Harmonic Analysis and PDE

PI: Sagun Chanillo, Rutgers University

DMS-0200628

Abstract:

In this proposal several problems are proposed, all in the field of

PDE. Most of these problems are in the sub-field of non-linear

PDE, and some in linear PDE. The non-linear problems

arise naturally from Physics and

Geometry and the interaction of Physics and Geometry.

The linear problems are also tied in with

Geometry and Physics. There

is a strong focus in this proposal on various qualitative

features of solutions to PDE, their level lines, nodal lines

of eigenfunctions, smoothness of solutions and so on.

We have selected the problems in part because we view many of them as having very natural connections with classical Harmonic analysis, and in fact we have made some start on solving them using techniques from classical Harmonic analysis. This is described in the body of the proposal. Some of the problems that arise from Physics in our proposal are connected with the phenomena of

vortices. Here we continue work that was funded by previous grants.

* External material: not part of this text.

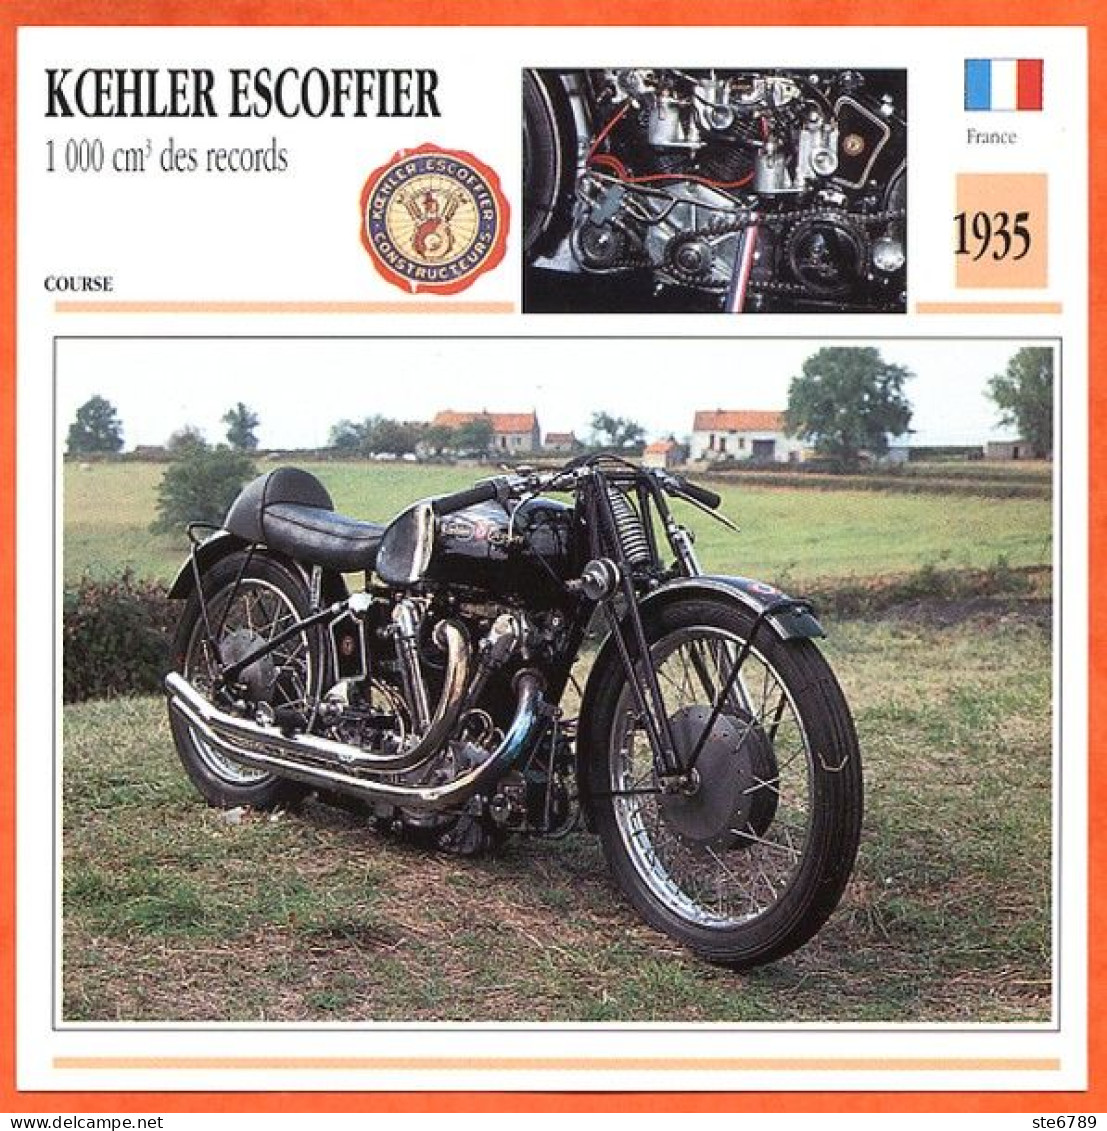 KOEHLER ESCOFFIER 1000 1935 France Fiche Technique Moto - Sport

The vortices we study are those that arise from fluid flow on

two-dimensional spheres and on the plane. Taking the continuum limit of the

point vortex distribution leads us to a new technique for solving the prescribed

Gauss curvature equation which also gives a tremendous insight into conformally invariant PDE's. Problems are also posed

that stem from the Schrodinger equation and Geometry and its

influence on the spectrum of elliptic operators.

We single out an important component of the proposed research

proposal. In todays environment it has become important to

study so-called smart materials, more principally composites.

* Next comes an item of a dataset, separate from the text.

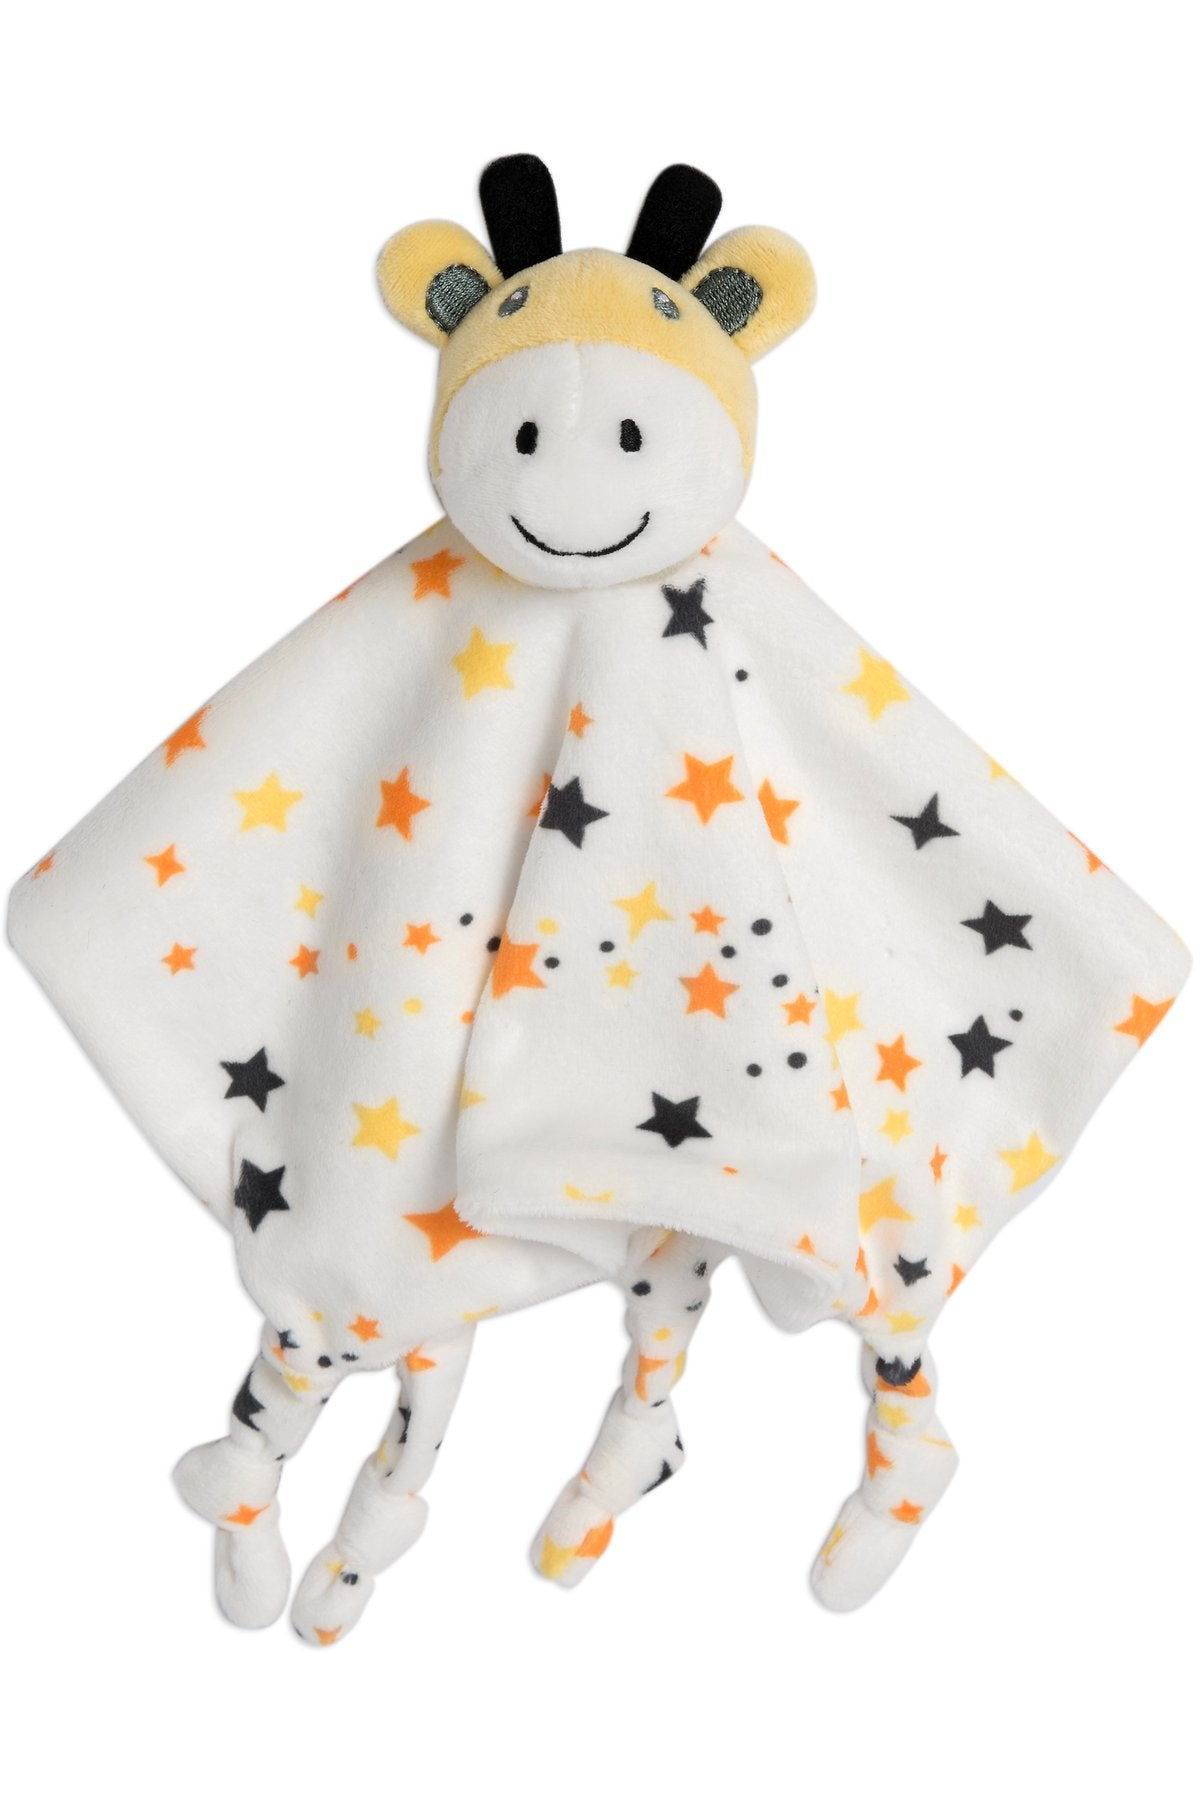 Little Linen Lovie Comforter - Giraffe Star

Because of their lightness they are preferred materials

to use for their strength and lightness. In this proposal

we study as one problem the vibrational characteristics

of composites. In particular how should one build objects using

composite materials so as to minimize their basic vibrational characteristics.

Intuitively the larger the natural frequency with which

an object vibrates, the more it is susceptible to stress

and breakage. For example one question one can ask is, if we need to

build a symmetric object like a washer does it

mean the composite has to be arranged symmetrically respecting

the symmetry of the washer? We find that in our research for example that

this necessarily does not minimize the stresses that can be caused by vibration

and we need to arrange the composite in a non-symmetric way

to construct the washer. This is not the only problem we study in our

proposal but also problems in Differential Geometry and Physics.